5970 Avenida Encinas, Carlsbad

  • Toast Gastrobrunch
  • 5970 Avenida Encinas
  • Carlsbad
  • A Holstein bull statue stands sentry for the dining room of this new Carlsbad brunch concept. As the name suggests, its contemporariness does include this Millenium’s signature brunch reinvention: toast. These requisite open faced sandwiches ($11-14) are built around the choices of avocado, smoked salmon, duck confit, and lobster, depending how committed you wish to appear to your Instagram followers. The most photogenic dish may be the $16 Eggs In Purgatory: shakshuka served in a Sourdough bread bowl. Which means it’s a North African egg dish served in a spicy tomato sauce, and, in this case, with pork belly, mushrooms, scallions, feta cheese, and mint. But you’ll find the quirky breakfast-maker does a fine job gussying up its menu of eggs Benedict for visual consumption. Whether you opt for the Canadian bacon on English muffin standard, short rib on grilled sourdough, or fried chicken on cheddar cornbread with bechamel in place of hollandaise; your Benedict will be served with a lineup of spherical side dishes. There are roasted cherry tomatoes, crispy fried mashed potato balls, and a chocolate-dipped apple. In other words, plenty to nosh on while you cycle through the menu of mimosas, bellinis, and bloody marys.
Place

Great Maple

1451 Washington Street, San Diego

  • Some will argue you can’t have brunch without juiced-up wines and morning cocktails, and to those people I say, grab a booth at Great Maple and spend the your day nibbling through a succession of bloody marys.
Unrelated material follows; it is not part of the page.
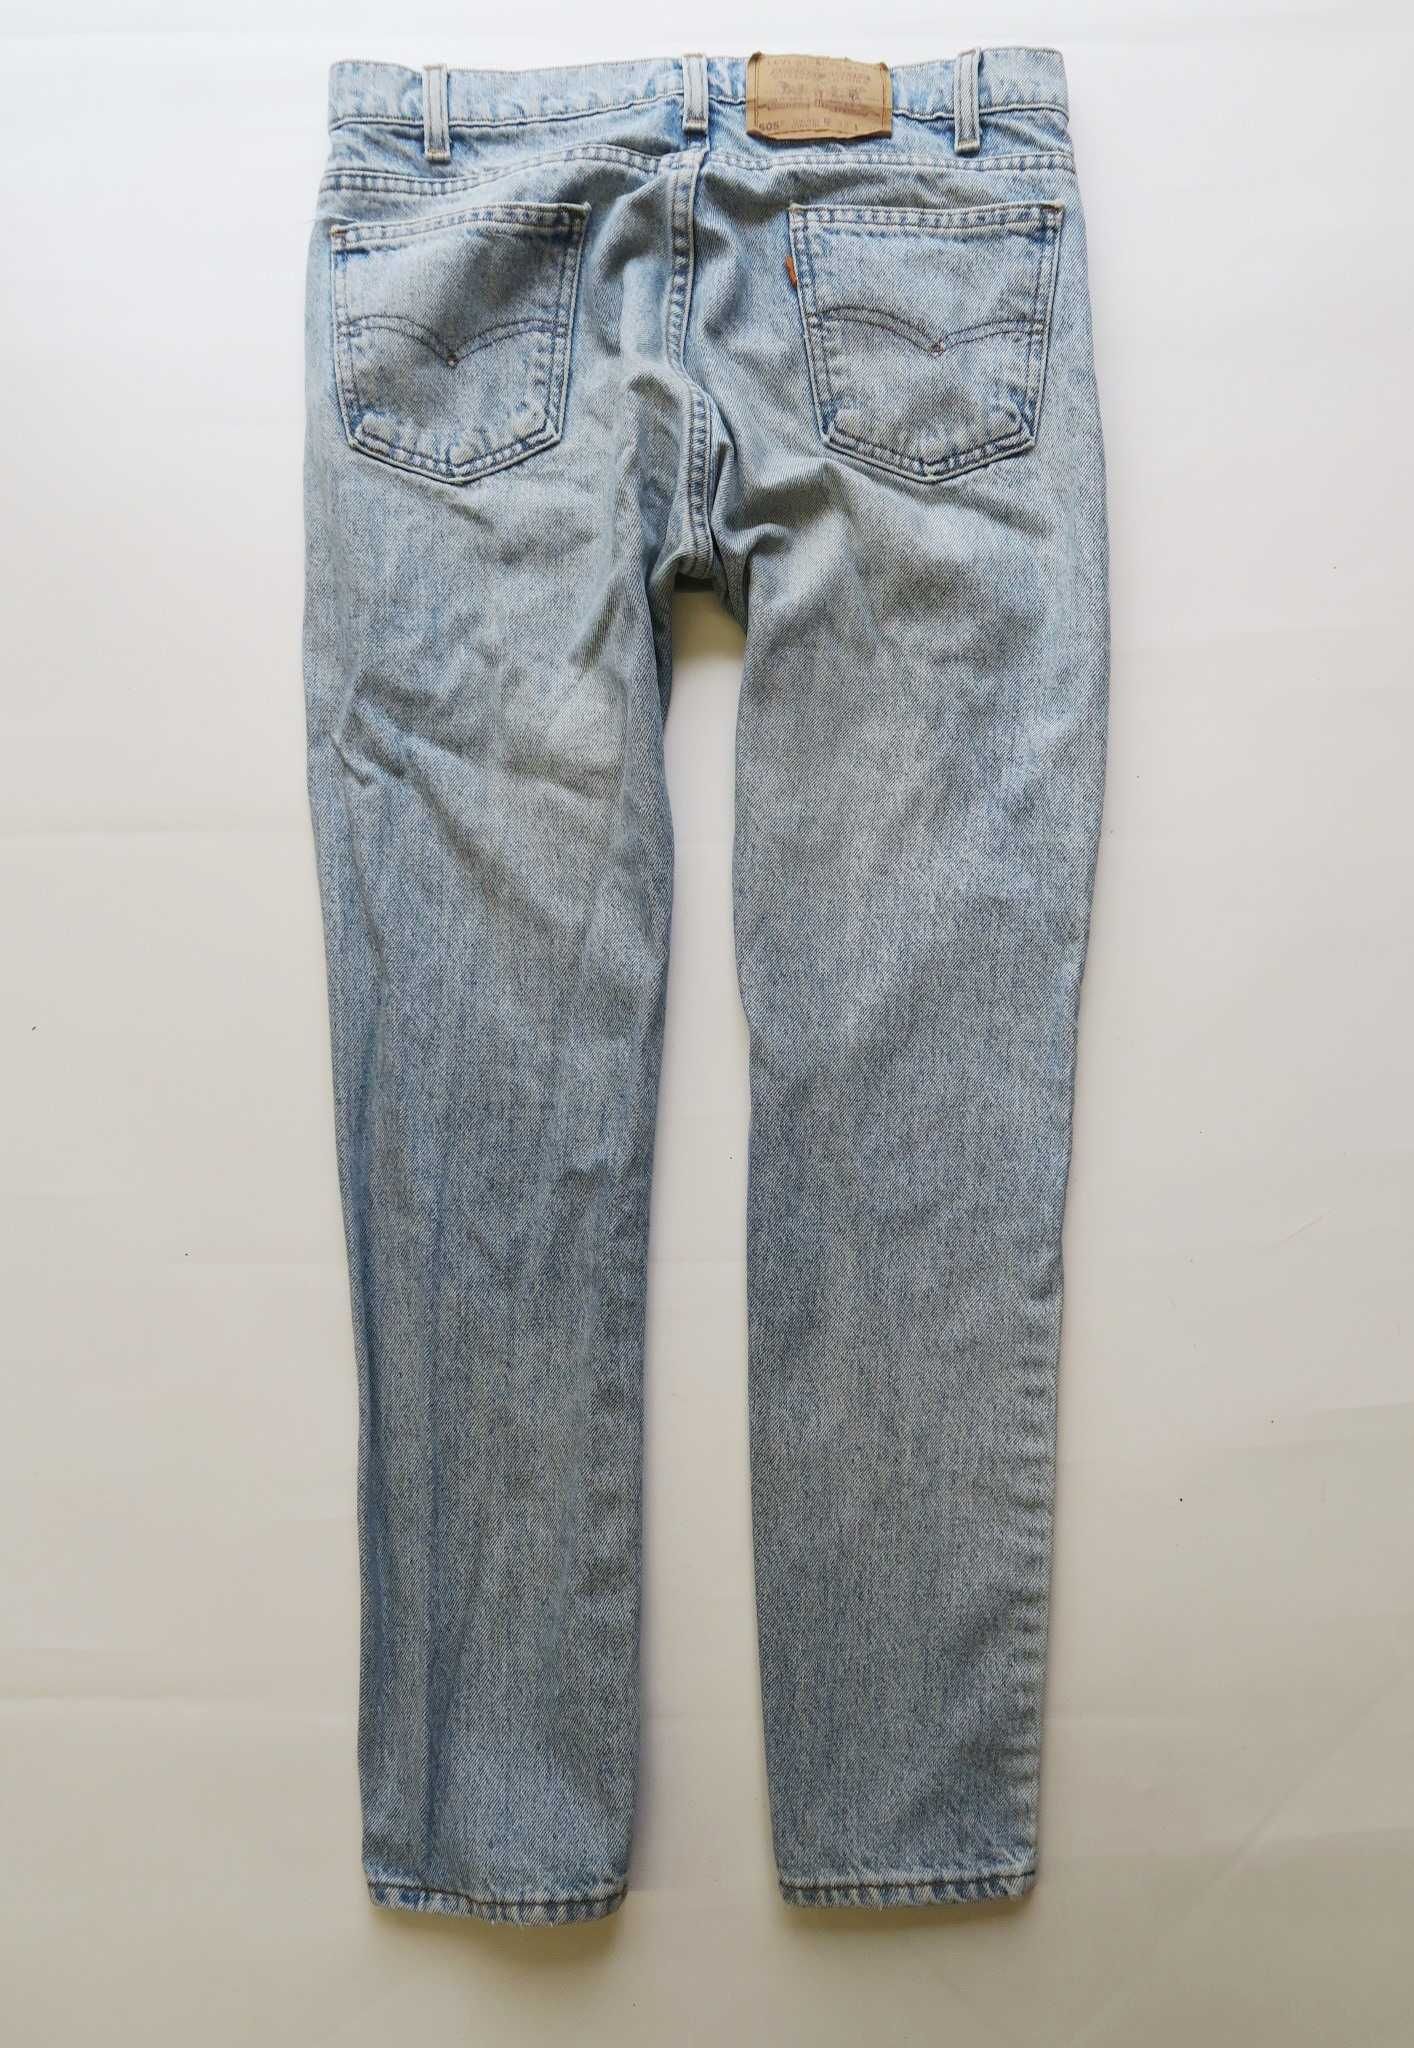 Levi's 505 spodnie jeansowe vintage orange tab 33/30
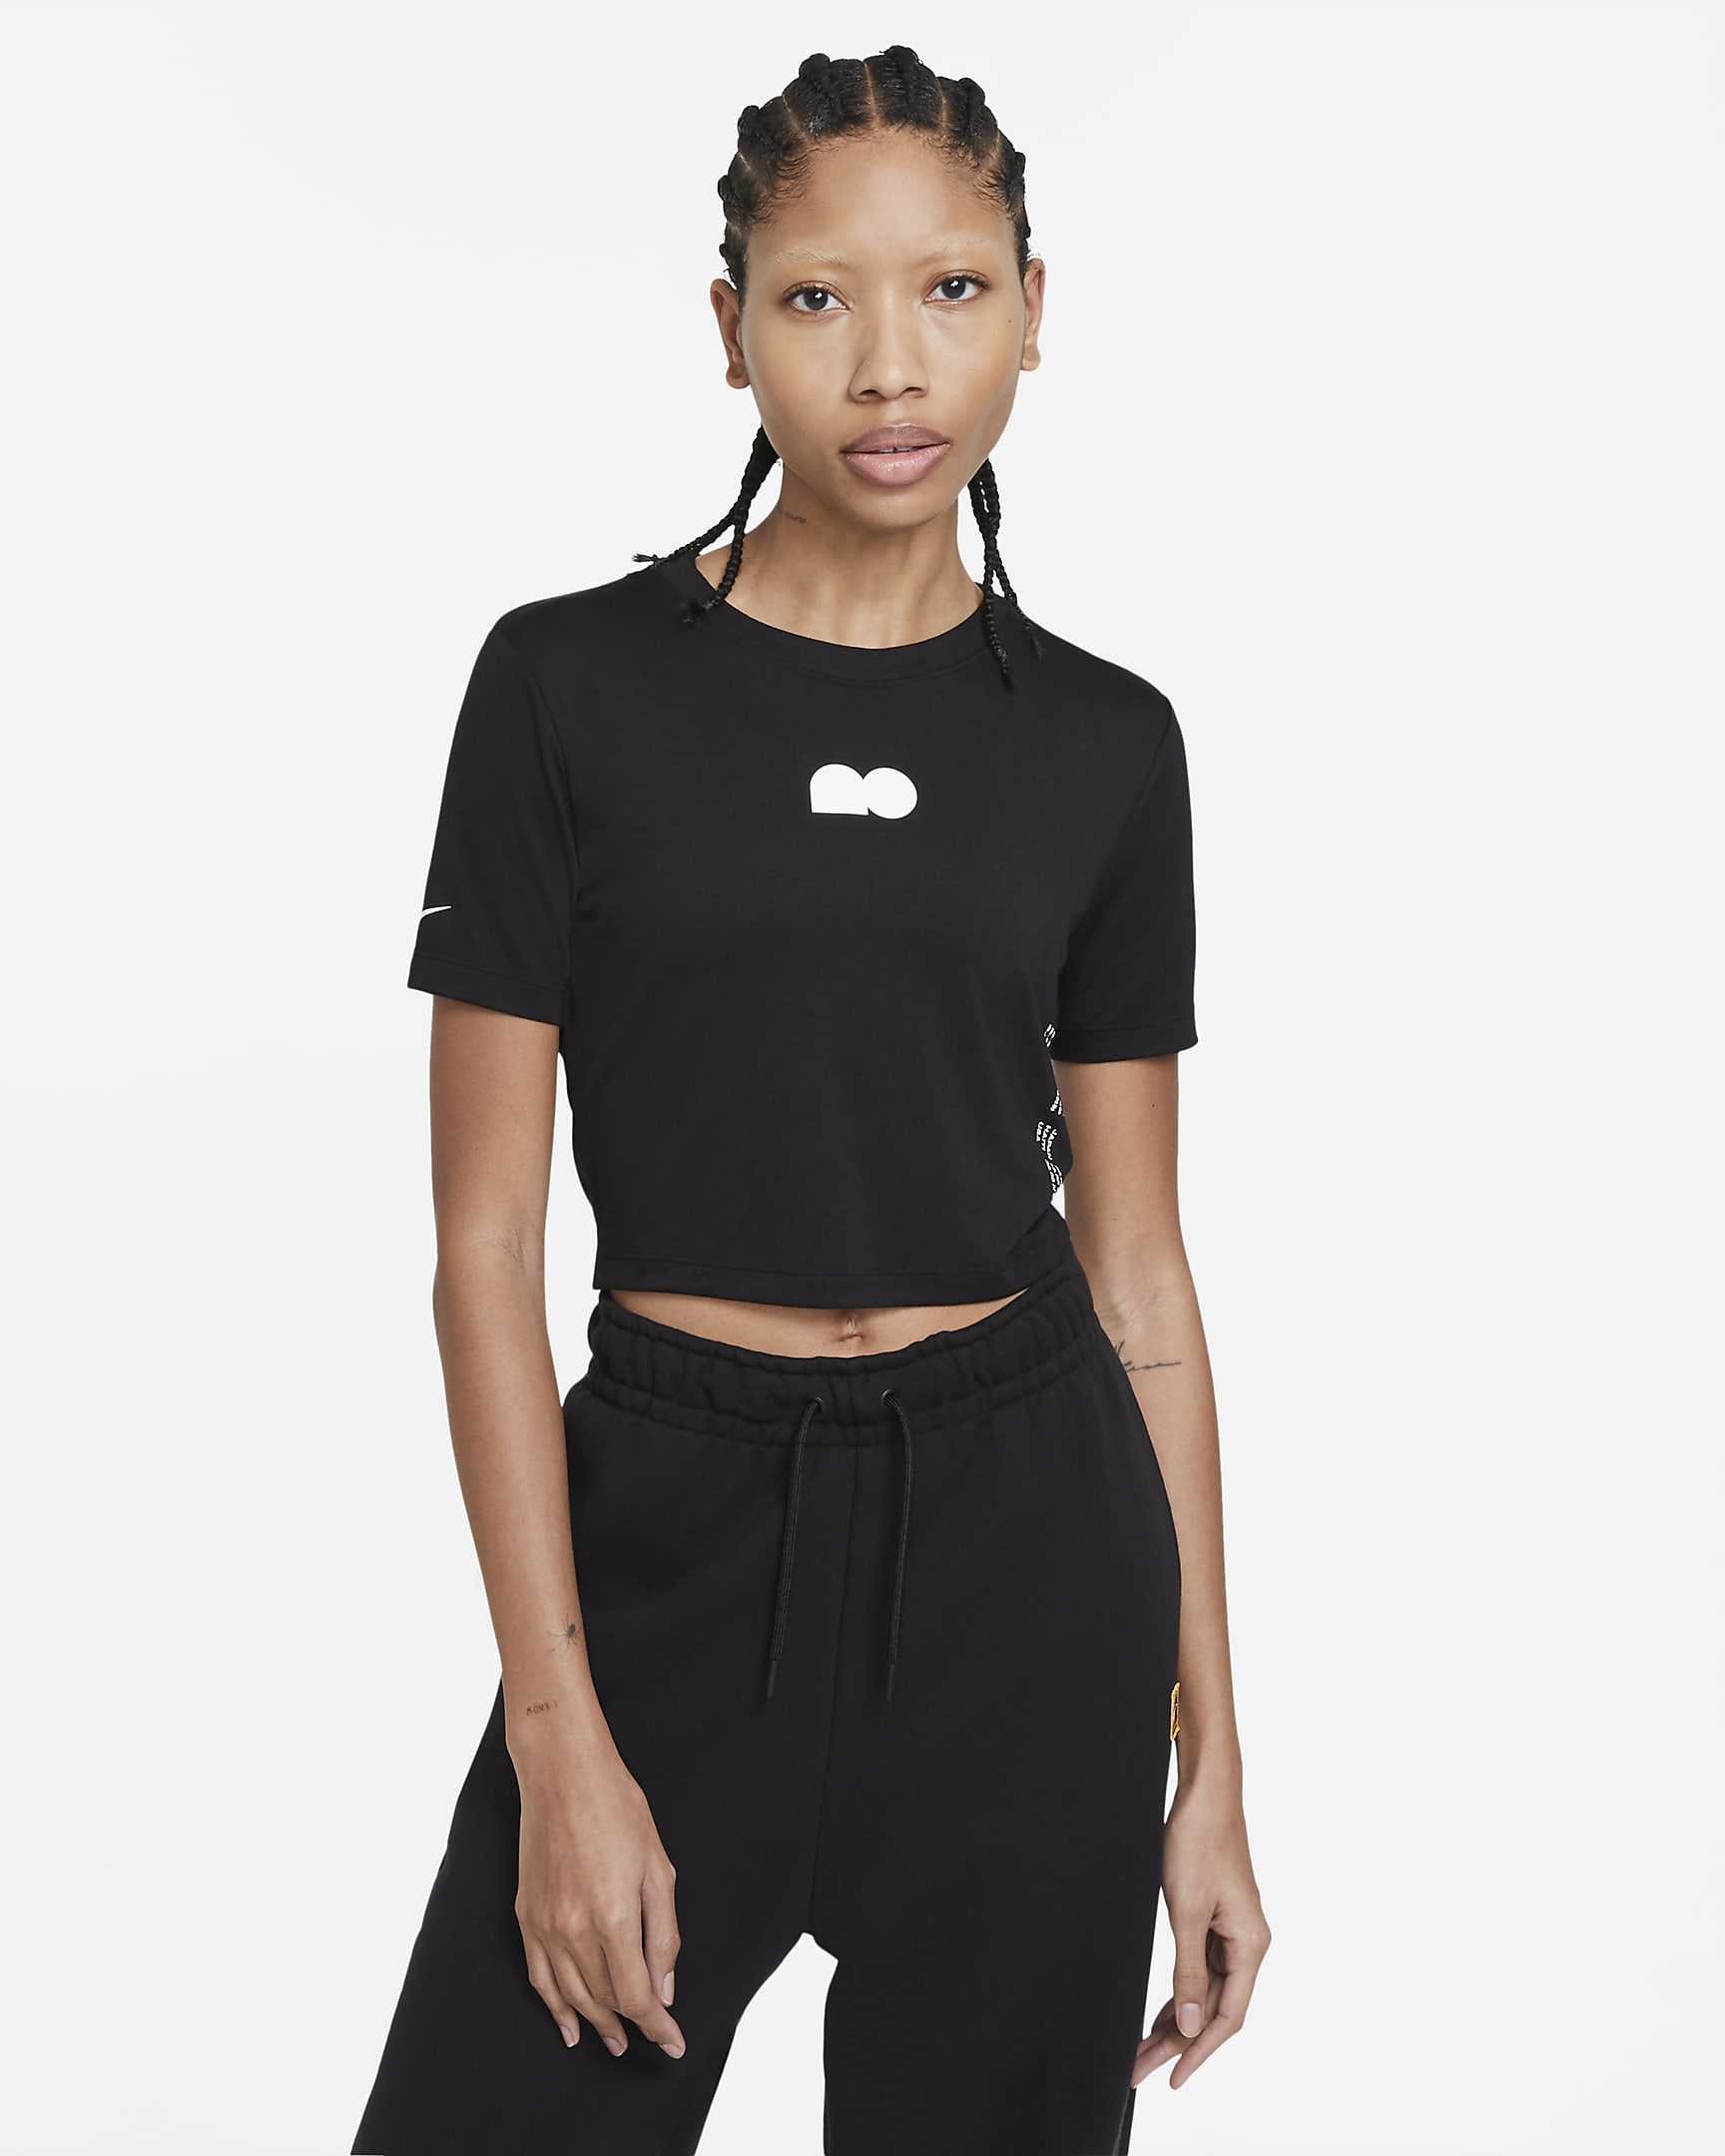 Naomi Osaka Cropped Tennis T-Shirt. Nike ZA

I say nibbling because these notorious bloodies are garnished with full-fledged snacks. It might be a whole pickle, it might be an octopus tentacle, it might be a slab of pizza toast. Whichever, it’ll give you something to chew on while you mull the eternal brunch dilemma: do I feel more like breakfast or lunch? Arguments here compel in both directions, with particularly difficult choices presented by the likes of a ribeye French dip sandwich and a sage sausage breakfast pot pie. If you need more time, order a plate of the restaurant’s signature maple bacon doughnuts for the table. Generously glazed with a heavy sprinkling of crumbled bacon strips, they should be enough to fuel another round of cocktails. Don’t feel the need to rush: decked out in atomic age decor, Great Maple always somehow feels like its New Year’s morning in Vegas.
Place

Feast & Fareway

2000 Visalia Row, Coronado

  • When atmosphere tops your list of brunch priorities, this new spot on the Coronado municipal golf course delivers some of the best in town. The gorgeous backdrop is not only due to the manicured greens surrounding the restaurant, bar, and patio. Sparkling Glorietta Bay sits on one side, and the iconic Coronado Bridge shows off its curves on the other. I don’t care if you play golf, like golf, or even know what golf is: to spend a late morning here sipping on booze and eating breakfast and lunch items is to find a moment of peace in your week. American breakfast standards are well represented, and the biggest surprises on that side of the menu are a collection of vegan items, including soy chorizo omelet and vegan sausage Benedict. But if you’ve got a sugar-loving soul, the must-tries will be found in the French toast section. The simple brioche toast is a winner at $9, so imagine how much better it gets with bananas foster ($10) or caramel apple crumble a la mode. It’s simple math: golf greens + bridge + bay + ice cream = brunch success.